In the present work, a residual ConvLSTM U-Net was applied for the segmentation of acute ischemic lesions on DWI using a large-scale multicenter dataset to investigate the performance of the DL models across different MRI manufacturers. This study makes several contributions to the existing literature on DL-based acute ischemic lesion segmentation on DWI. (1) The DL models demonstrated non-inferior performance compared with a radiologist in delineating borders of ischemic lesions when applied to previously unseen images derived from the same manufacturer on which the models were previously trained. (2) The DL models yielded reasonable performance when applied to DW images derived from a different MRI manufacturer with a median Dice score of 0.734–0.756. (3) However, the segmentation performance of the DL models was substantially higher when applied to previously unseen DW images of the same manufacturer compared with that of DL models applied to previously unseen images of a different manufacturer. (4) In contrast, the radiologist’s performance did not differ between datasets derived from different MRI manufacturers. (5) When the DL models were fine-tuned with a small fraction of the images obtained from the other manufacturer using transfer learning, their performance increased substantially to a non-inferior level to that of a radiologist on the external tests. (6) DL model-based infarct volume estimations yielded moderate to high positive correlations with the ground-truth volume measurements. Likewise, transfer learning improves DL models’ performances in measuring infarct volumes.

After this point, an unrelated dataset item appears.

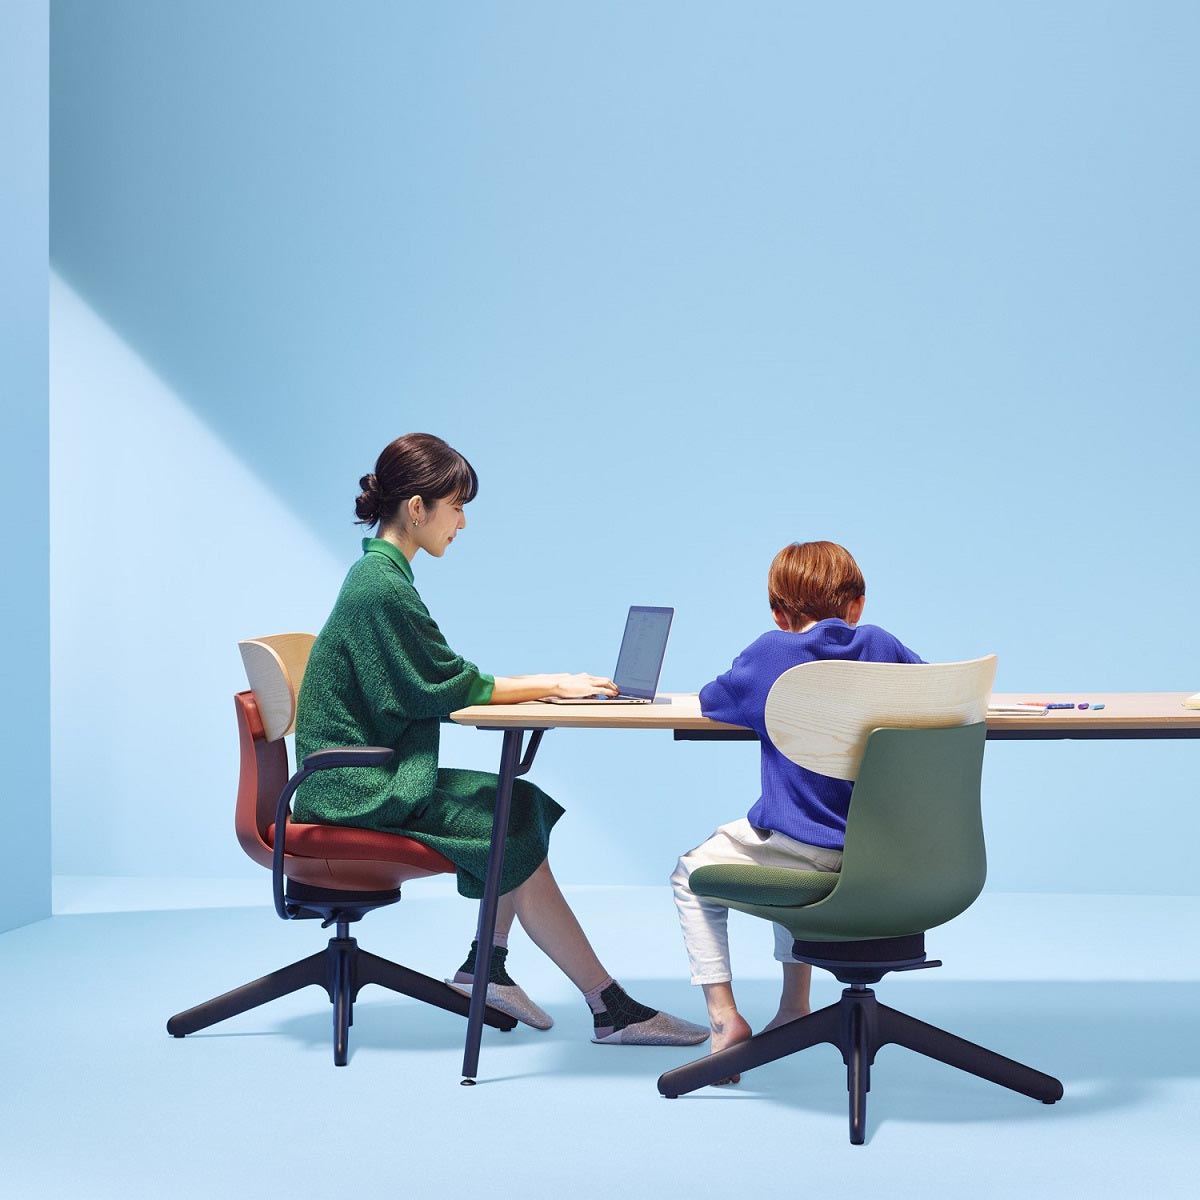 【楽天市場】コクヨ デスクチェア オフィスチェア 椅子 ingLIFE

To the best of our knowledge, the present work had the largest sample size reported thus far. The systematic evaluation of the contribution of transfer learning for domain adaptation across multicenter expert annotated datasets was the prominent uniqueness of the present work. Comparing DL's segmentation performance with radiologists across MRI scanner vendors was the other unique contribution to the prior literature. Besides, the present work was the first to use ConvLSTM block on DWI and ADC maps in stroke imaging, as far as we know. The standard convolutional block could not aggregate the information on the z-axis of the radiological images, which often is mandatory to make the diagnosis correctly^30,31. The ConvLSTM blocks allow assessing DWI and ADC slices with an arbitrary range while capturing inter-slice dependencies²⁶.

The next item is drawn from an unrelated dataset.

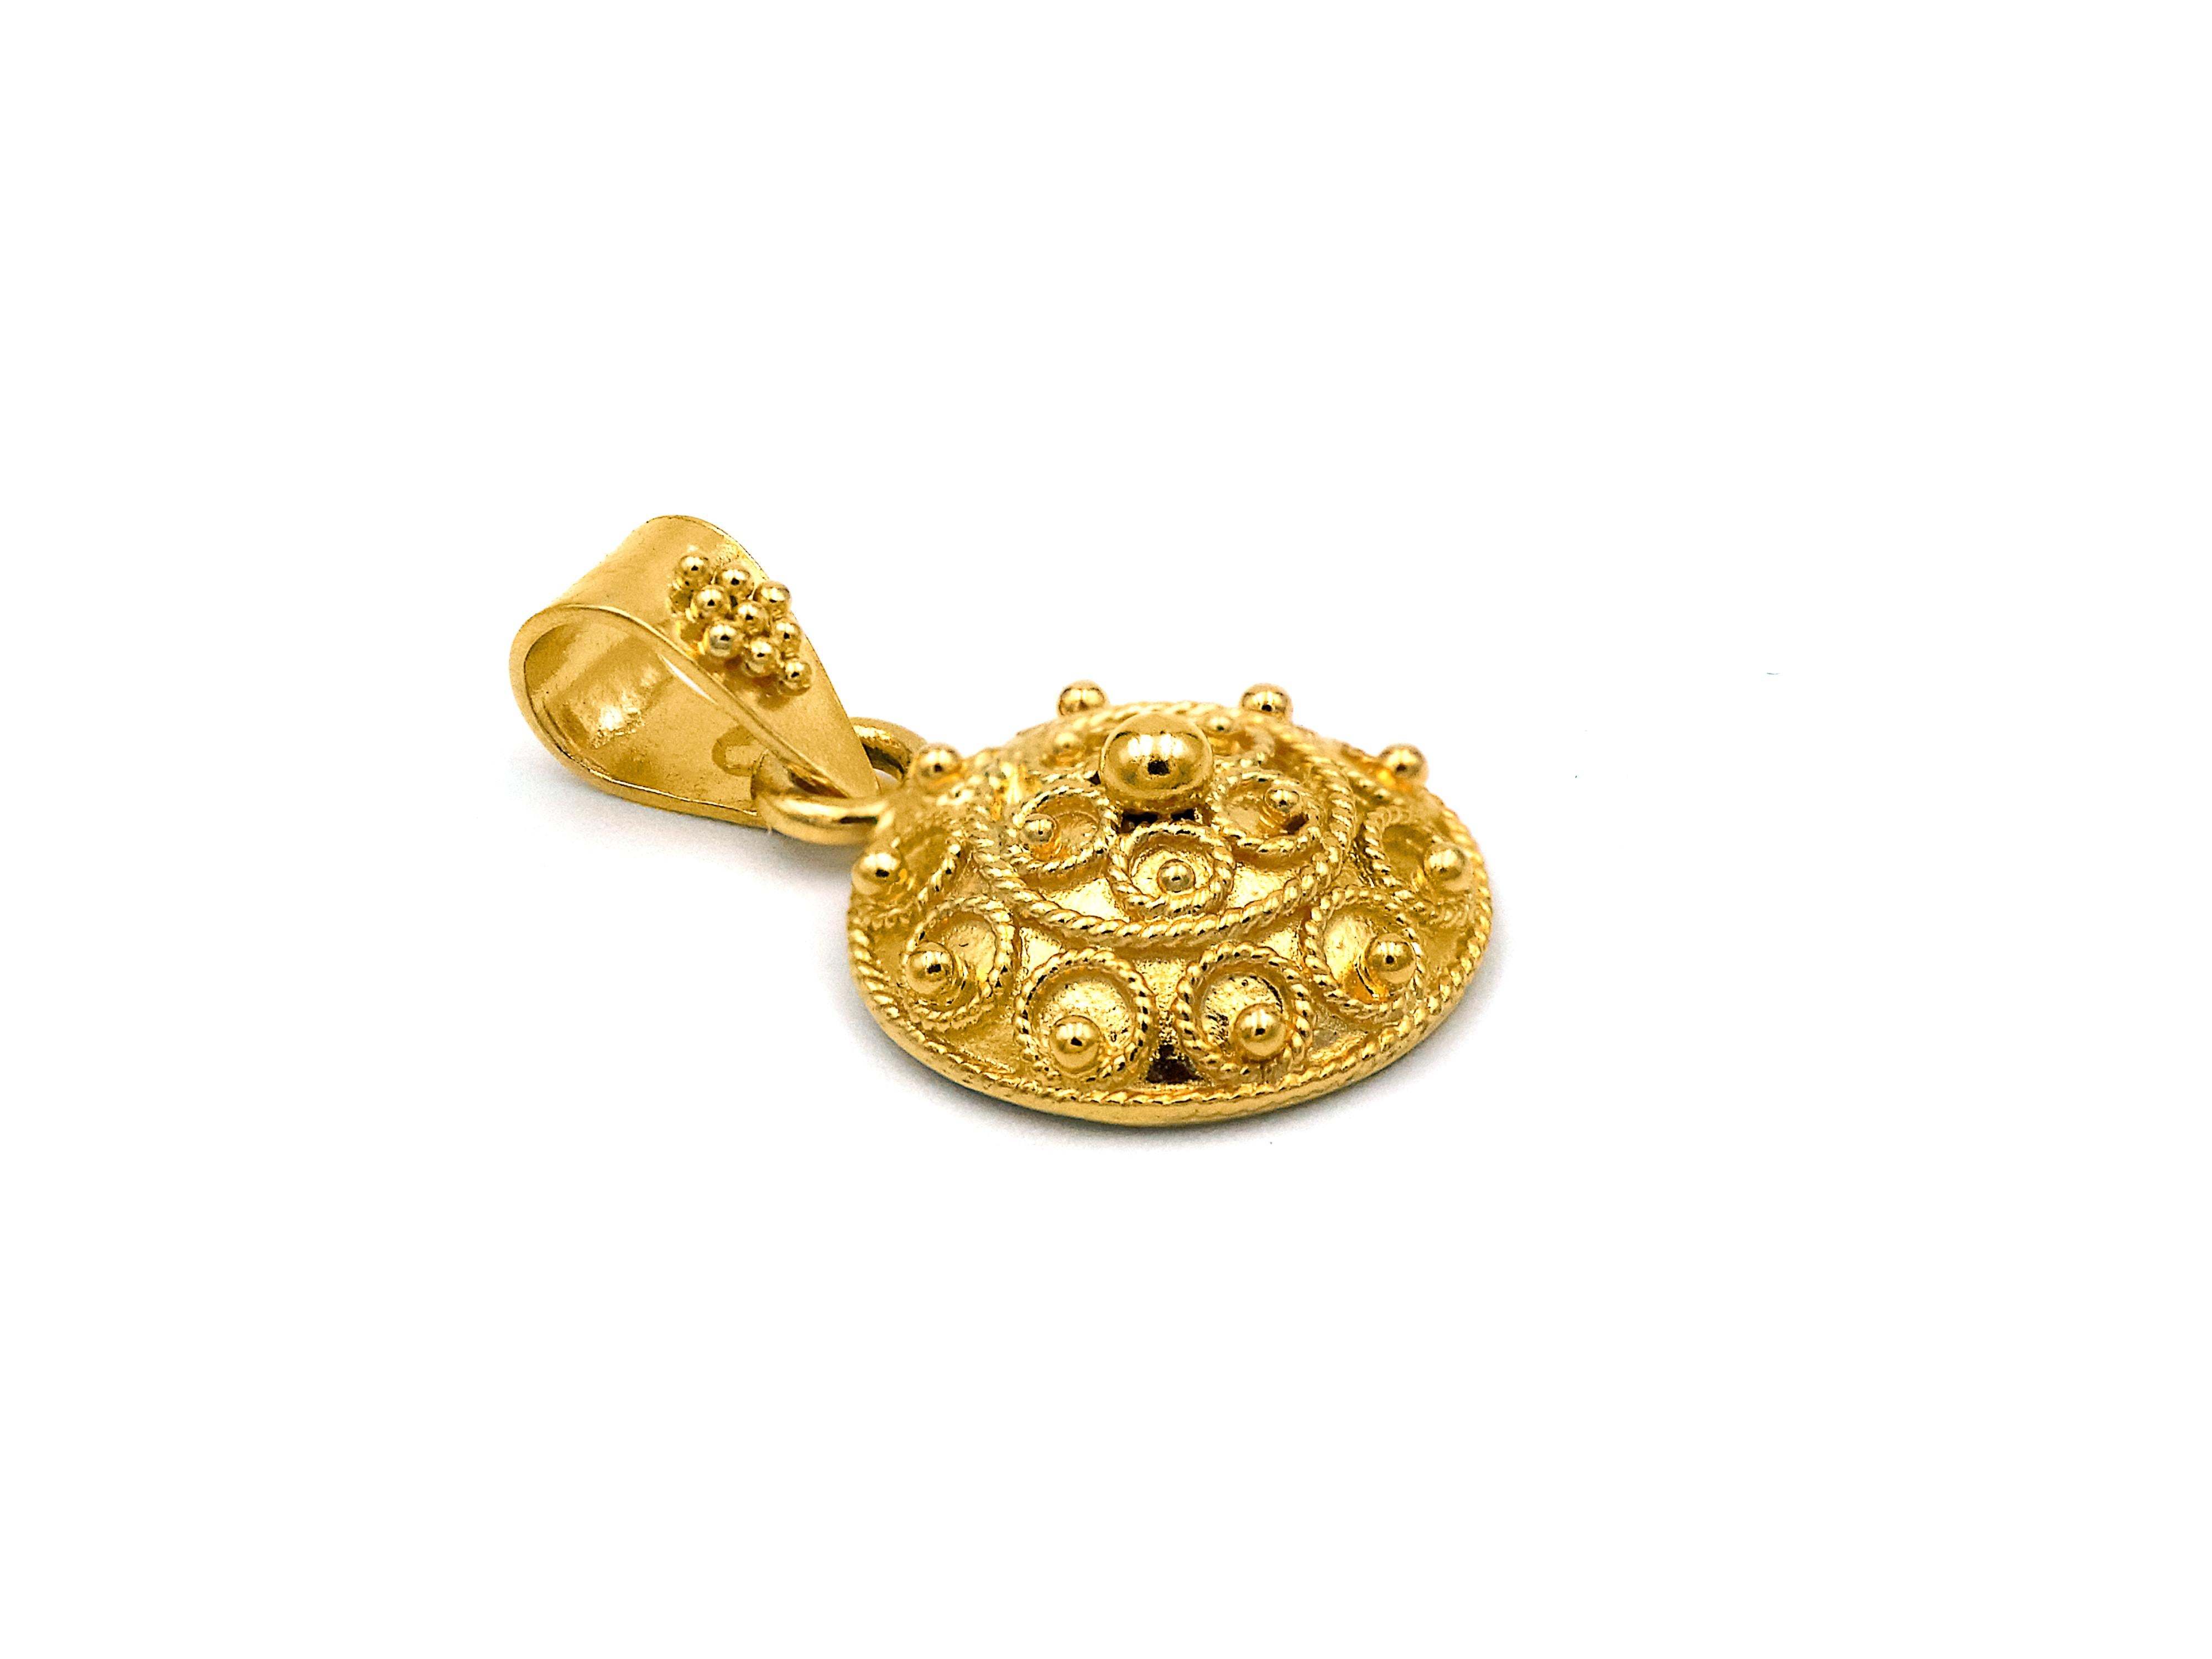 Le pendentif Bocola est serti dans de l'or jaune 22k. Le motif est créé avec des cercles de filigrane et des granulations de différentes tailles tout autour. Le cerceau est simple et épuré, de sorte que l'accent reste sur le pendentif.

We do acknowledge that ConvLSTM hypothetically might be inferior compared with the 3D variants of U-Net in assessing cross-sectional medical data. Some prior works suggest that 3D variants of U-Nets have outstanding performance in many medical image segmentation tasks³⁰. However, it has been shown that 3D models showed their best performance when the voxels are isotropic (i.e., the same voxel size across three dimensions), yet their performance might significantly drop on the images with anisotropic voxel sizes³¹. Brain DWI often are highly anisotropic images since the slice thickness (i.e., z-axis) generally is much more than the in-plane spatial resolution (i.e., y and x-axes). Additionally, 3D U-net requires higher memory capacity, and it might require lowering the original spatial resolution or using patch-based approaches in the network, which inevitably leads to loss of contextual information^32,33. Nevertheless, head-to-head comparisons of 3D U-net and ConvLSTM U-net in segmenting stroke lesions on DWI should be systematically explored in future work.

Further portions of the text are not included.